Radio Scotland - Days Like This

Theme: Spiritual

Half an hour

Elizabeth Mulligan

If all the time I had left were thirty minutes, first I would have no fear of death; this may be due to the fact that I had a near death experience when I was only eleven years old.

Blood poisoning was the reason as to why I had a full blood transfusion on that day. My age now is forty-nine but I can recall this as though it happened yesterday. Some people claim they have been lucky enough to have a sighting and I am one of them. I was, I am told, deeply unconscious when my blood was being changed, but I was very aware of a bright light and my moving towards it. An old gentleman came towards me with a baby in his arms wrapped in a white shawl and as he approached I had this feeling of a great weight being lifted off my shoulders and immediately felt at peace - a great peace.

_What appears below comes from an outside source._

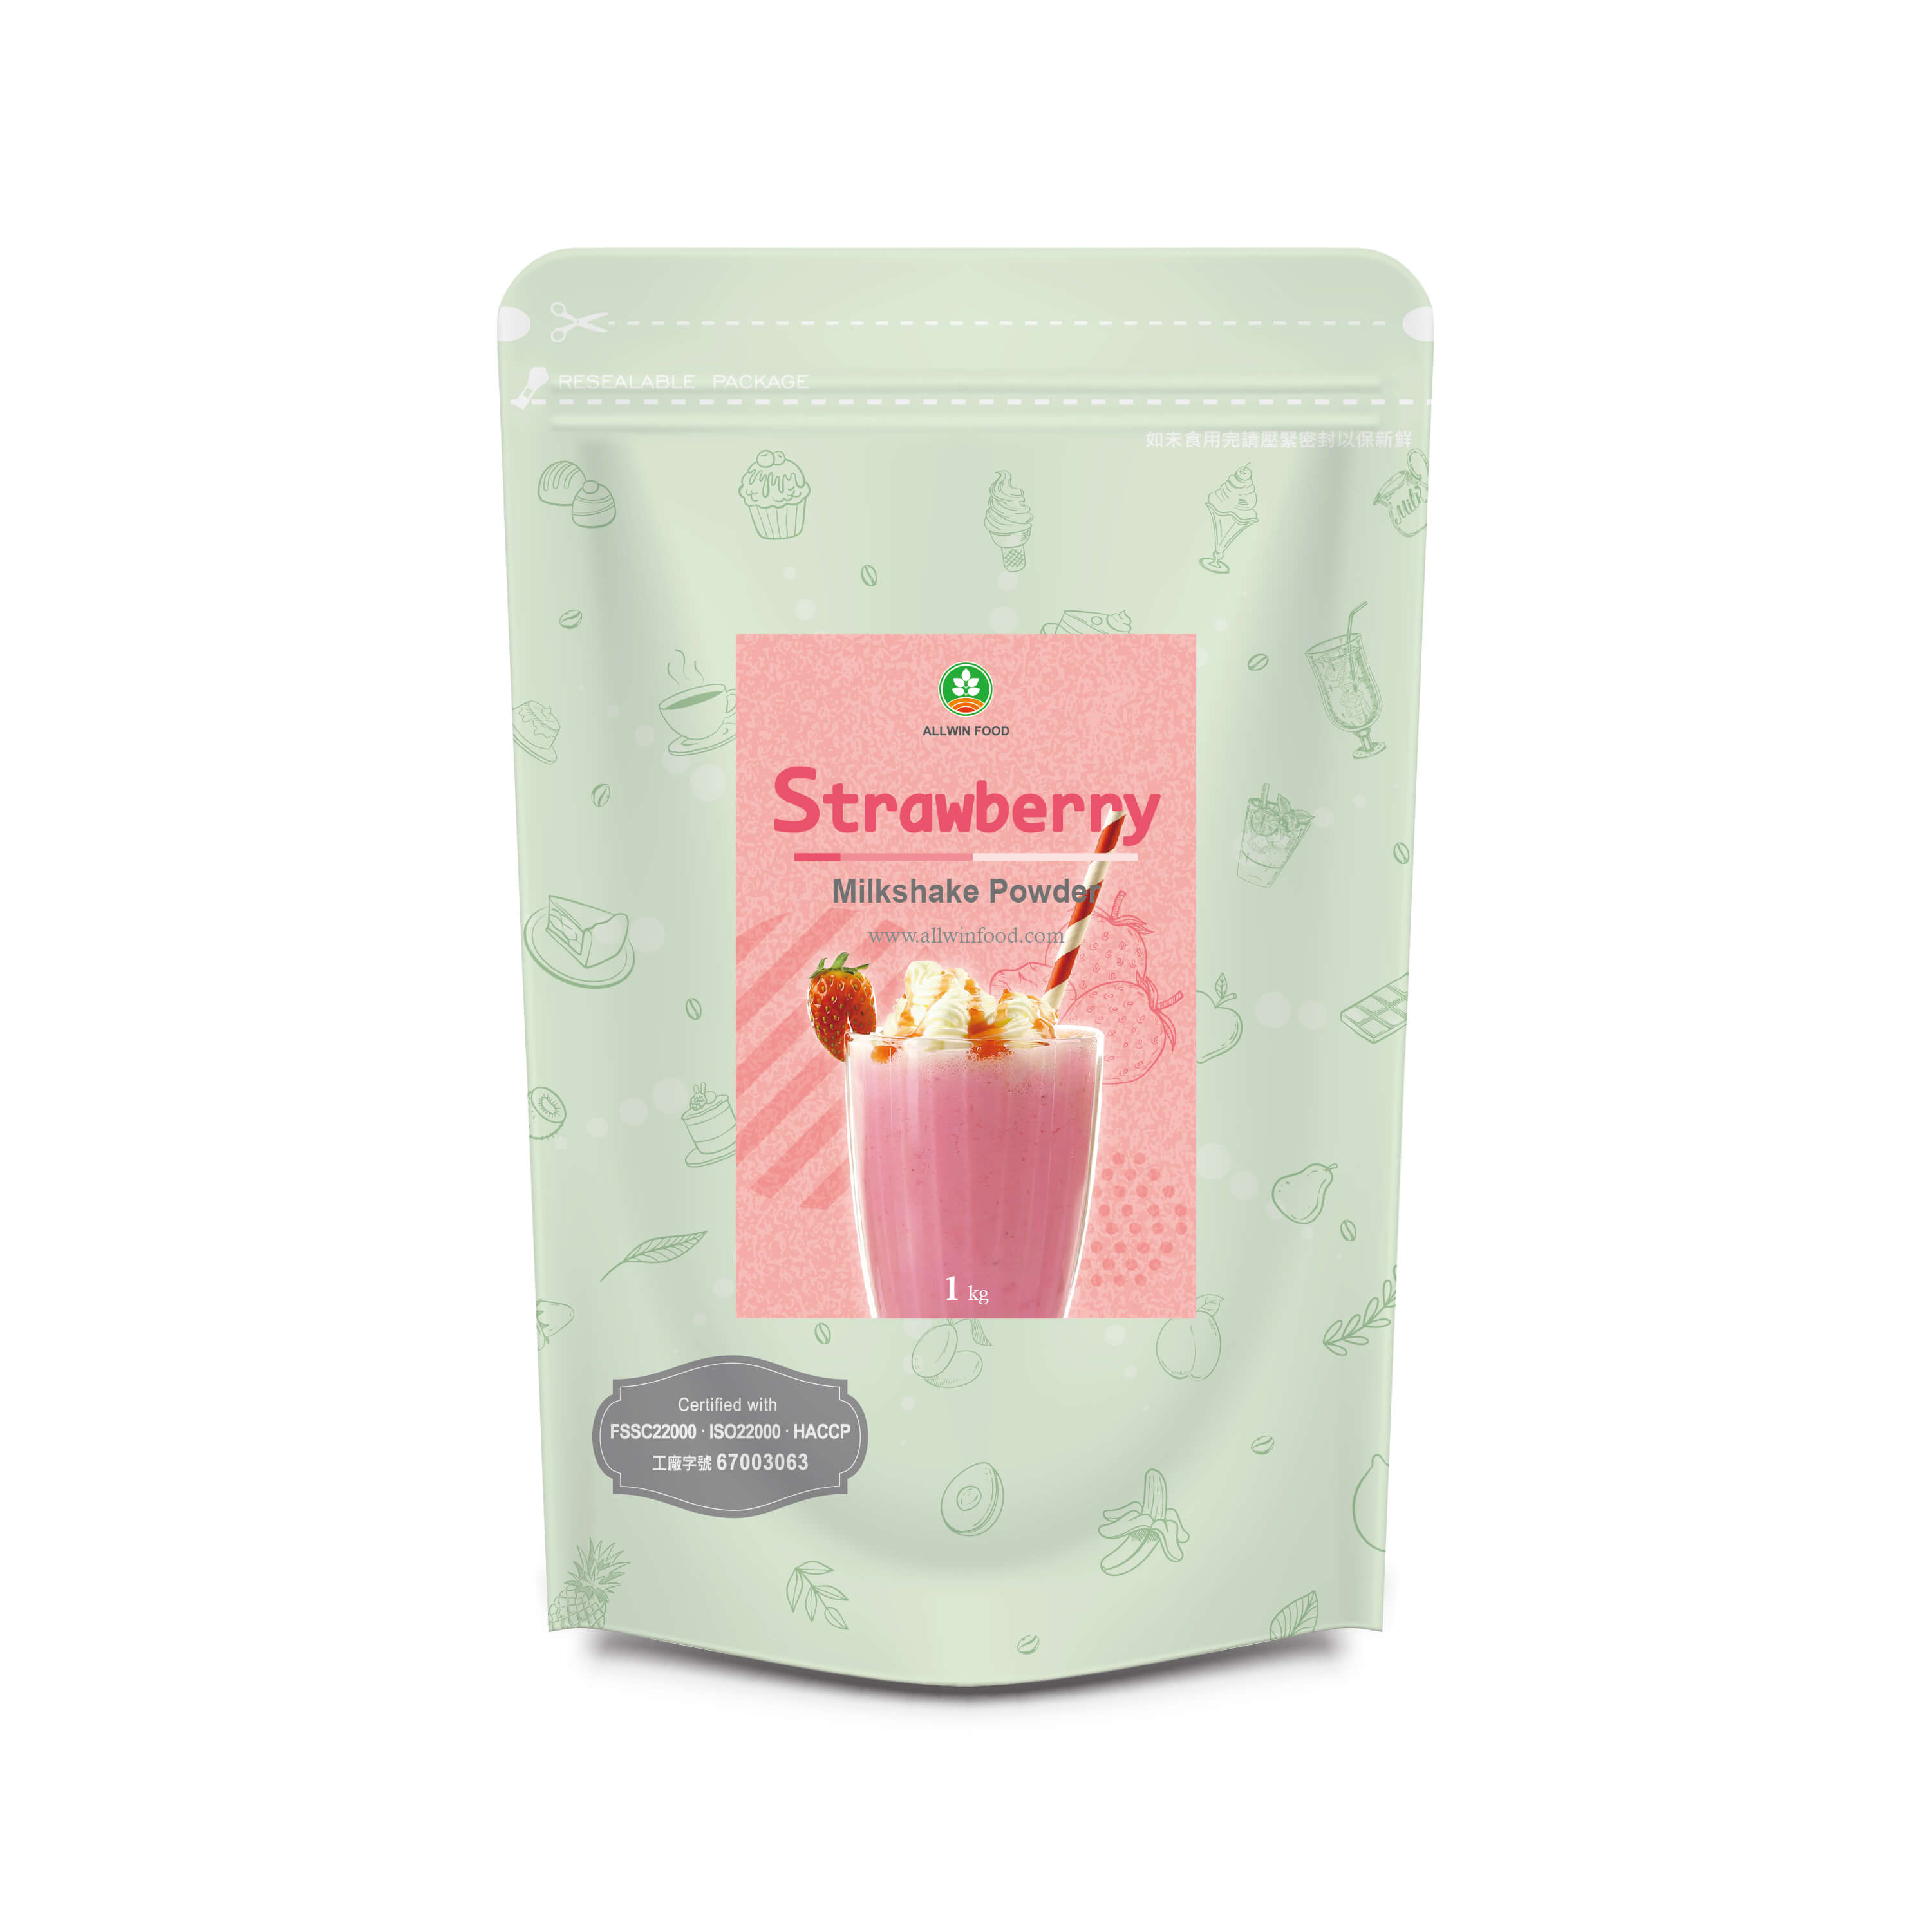 Strawberry Milkshake Powder Supplier

As the old man came closer the baby he was holding became older until he was now walking by the old mans side. That boy became familiar to me in a bonding way that was even stronger than the one I had with my four brothers and two sisters, we have always shared a strong family bond but this connection was different. As they walked even nearer I could sense that I knew both the old man and the blonde haired boy.

They and I were in a place that I can only describe as Utopia. The old man seemed to stay at the same age but as they came nearer the boy grew older till he reached about my age. This whole experience was never frightening in fact it was delightful watching the little baby boy growing up with what I can only describe as great peace and harmony which enfolded us all, as the boy reached his eleventh birthday.

My eyes opened to see my mothers worried face by my bedside at the Sick Childrens Hospital. I never told anyone about this experience until I was much older; in fact I was in my twenties that my mother told me that I was a twin and that my twin brother who had died had lovely blonde hair. Suddenly everything fell into place.

A few years later my nieces were looking at old photographs and asking their granny, my mother, who was who. There it was, a photograph of her grandfather the old man who was looking after my twin brother. Why the child was wearing the shawl was because he was only three and a half months old when he died, his grandmother had knitted that white shawl for him.

So you see I have no fear in my last half hour as now I know where and who will meet me when I get there. The only thing that would be left for me to do would be to hope that everyone around me wont be sad, because trust me I will be in a calm, peaceful, serene place full of love.